Dr David King, director of the pressure group Human Genetics Alert, which opposes the move, said: "These techniques go far beyond anything existing in both invasiveness to the embryo and complexity so it's not surprising that they pose serious health risks to the child, risks that the HFEA refuses to properly address.
"In truth, the real forces driving this research are scientific careerism and the ideology which insists that high-tech is always best, and that no consequences can be allowed to stand in the way of the forward march of science."
A Department of Health spokesperson said: "Mitochondrial disease, such as muscular dystrophy, can have a devastating impact on the people who inherit it. People who have it live with debilitating illness, and women who are affected face passing it on to their children.
"Scientists undertaking research have developed new procedures which could stop these diseases being passed on. But such procedures would not be allowed in treatment under current law, so we asked the HFEA to consult the public as to whether we should change the law.
"Once we have received the detailed advice from the HFEA over the next few weeks, we and BIS will carefully consider it and respond in due course."
Dr Marita Pohlschmidt, director of research at the Muscular Dystrophy Campaign, said: "We respect that this is a complex issue that generates strong views both in support and opposition. The HFEA's consultation has been a crucial opportunity to share the realities of this IVF technique with the public, and to create open, transparent dialogue. We, and the families we work with, are grateful it has received the backing needed to move forward.
"The HFEA assures us that its recommendations will be made to the Secretary of State for Health by Easter. It has taken years to reach this stage - keeping up momentum now is vital. The Government must decide swiftly on whether regulations will go to vote in both Houses of Parliament."

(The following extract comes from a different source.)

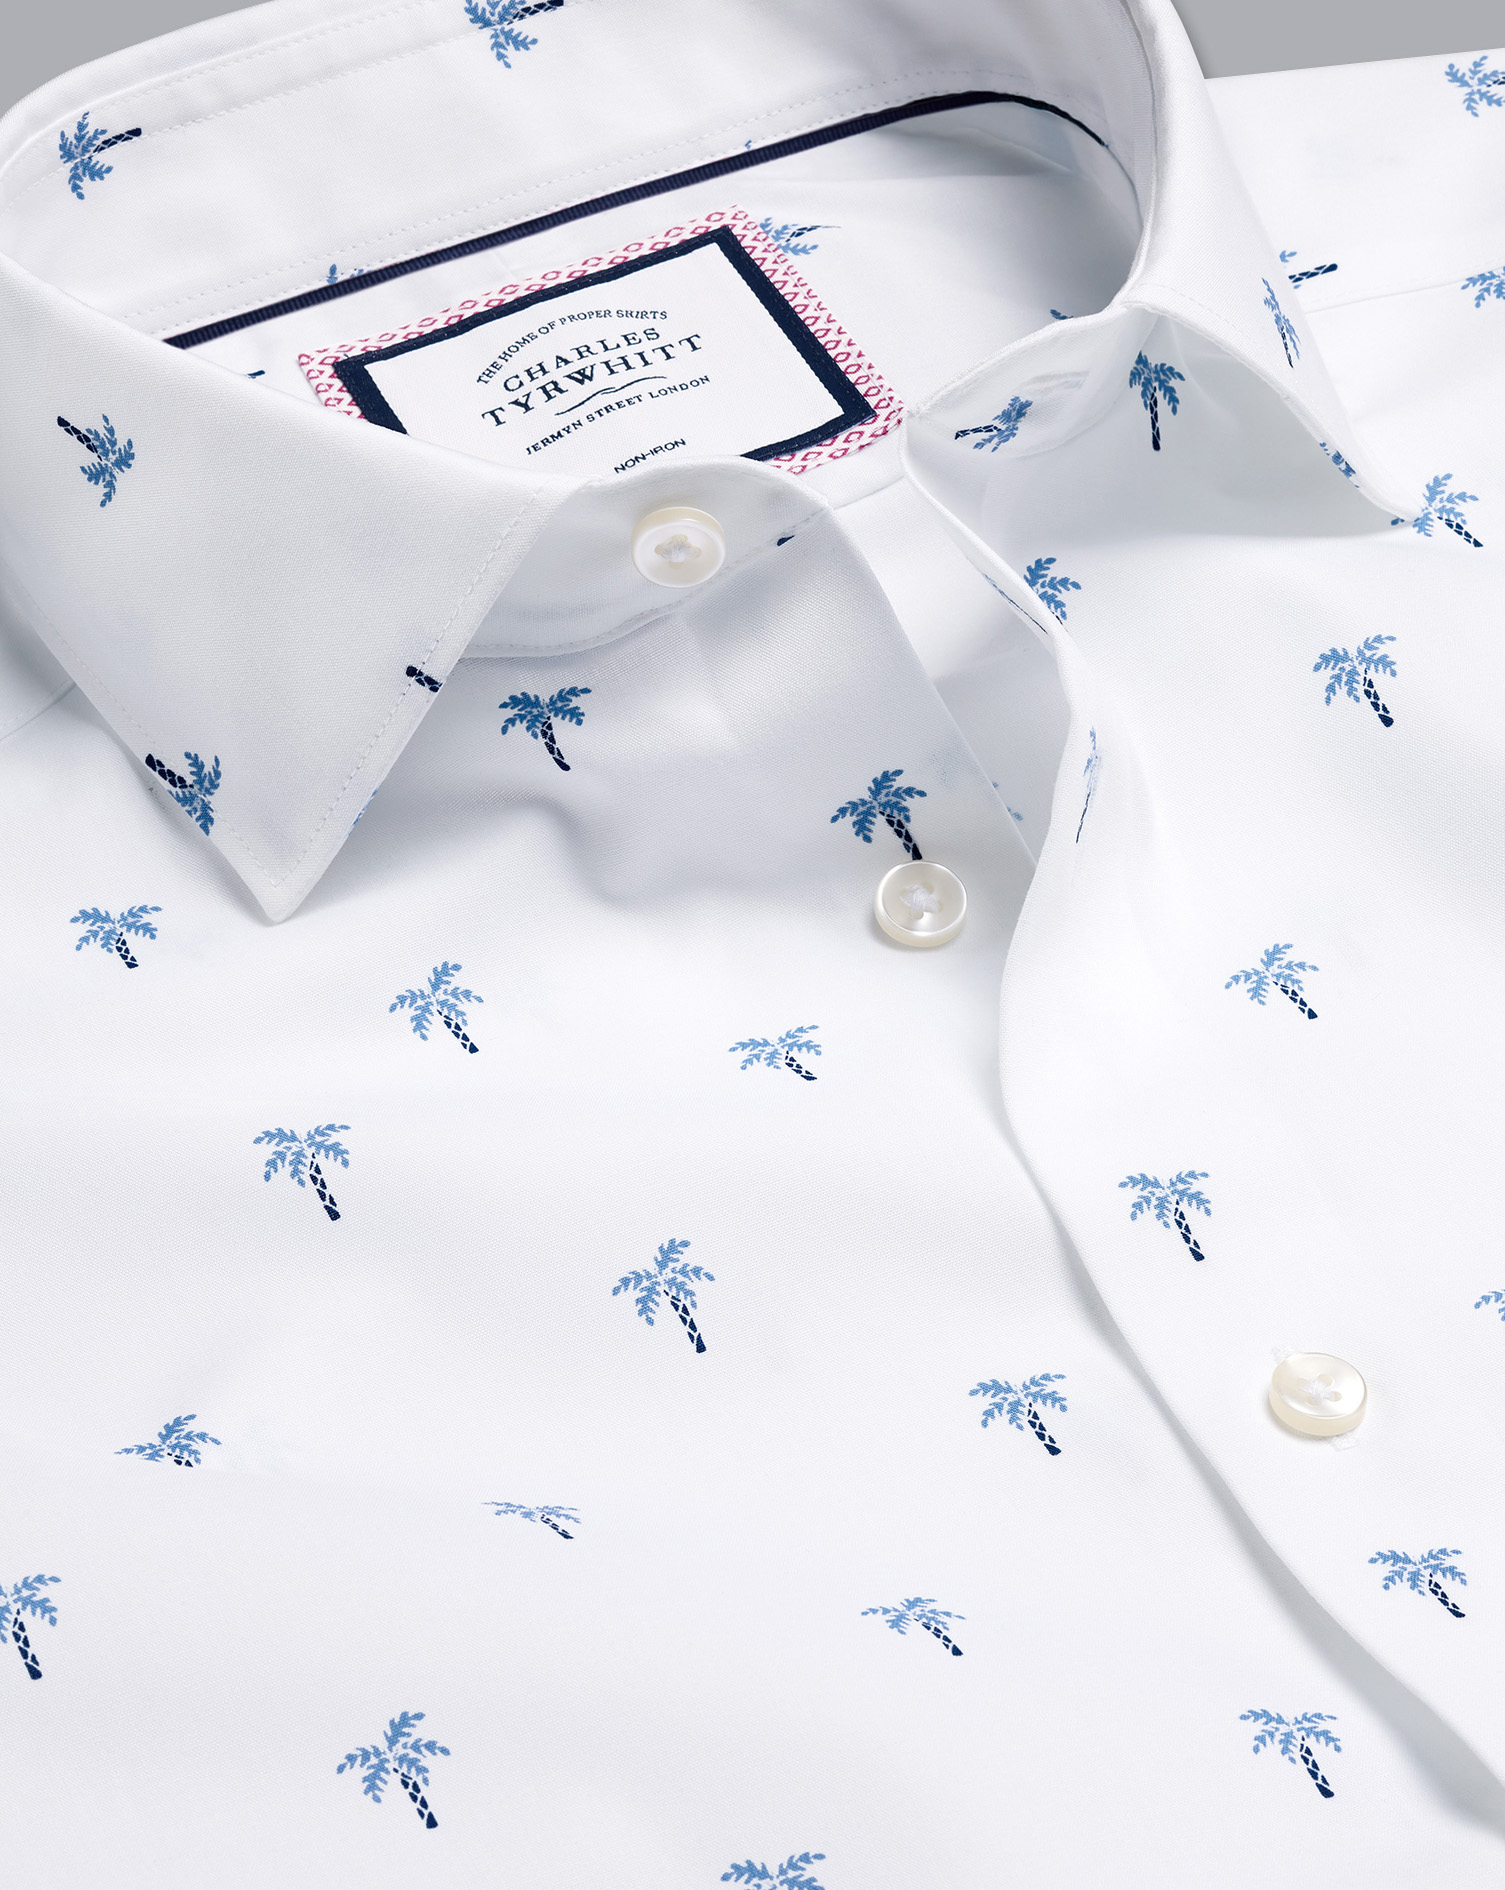 Mens Shirt Tokyo Laundry STRETTON Palm Tree Print Short Sleeve Summer Top New

Professor Doug Turnbull, director of the Wellcome Trust Centre for Mitochondrial Research at Newcastle University, said: "Mitochondrial DNA disease runs in families and there is no cure. The techniques we are working on here in Newcastle, could help hundreds of women have healthy children.
"We are very grateful for the detailed public engagement exercise carried out by the HFEA and welcome the supportive views of most of the public.
"We understand that more research is required but believe it is crucial that the Government moves now to draft the regulations so that mitochondrial patients in the UK will have access to this treatment."
Professor Alison Murdoch, honorary professor of reproductive medicine at Newcastle University, said: "The next step is for Government to draft the regulations needed under the Human Fertility and Embryology Act so that an application can, when appropriate, be submitted to the HFEA to permit treatment.
"We welcome the HFEA's recommendation that mitochondria donors should be thought of as tissue donors, protecting the anonymity of the donor.
"Although further discussions will be needed, we believe that the reports submitted today are a very positive step towards achieving suitable oversight for these new treatments."
The public consultation lasted six months and included a survey that involved face-to-face interviews with just under 1,000 members of the public across the UK.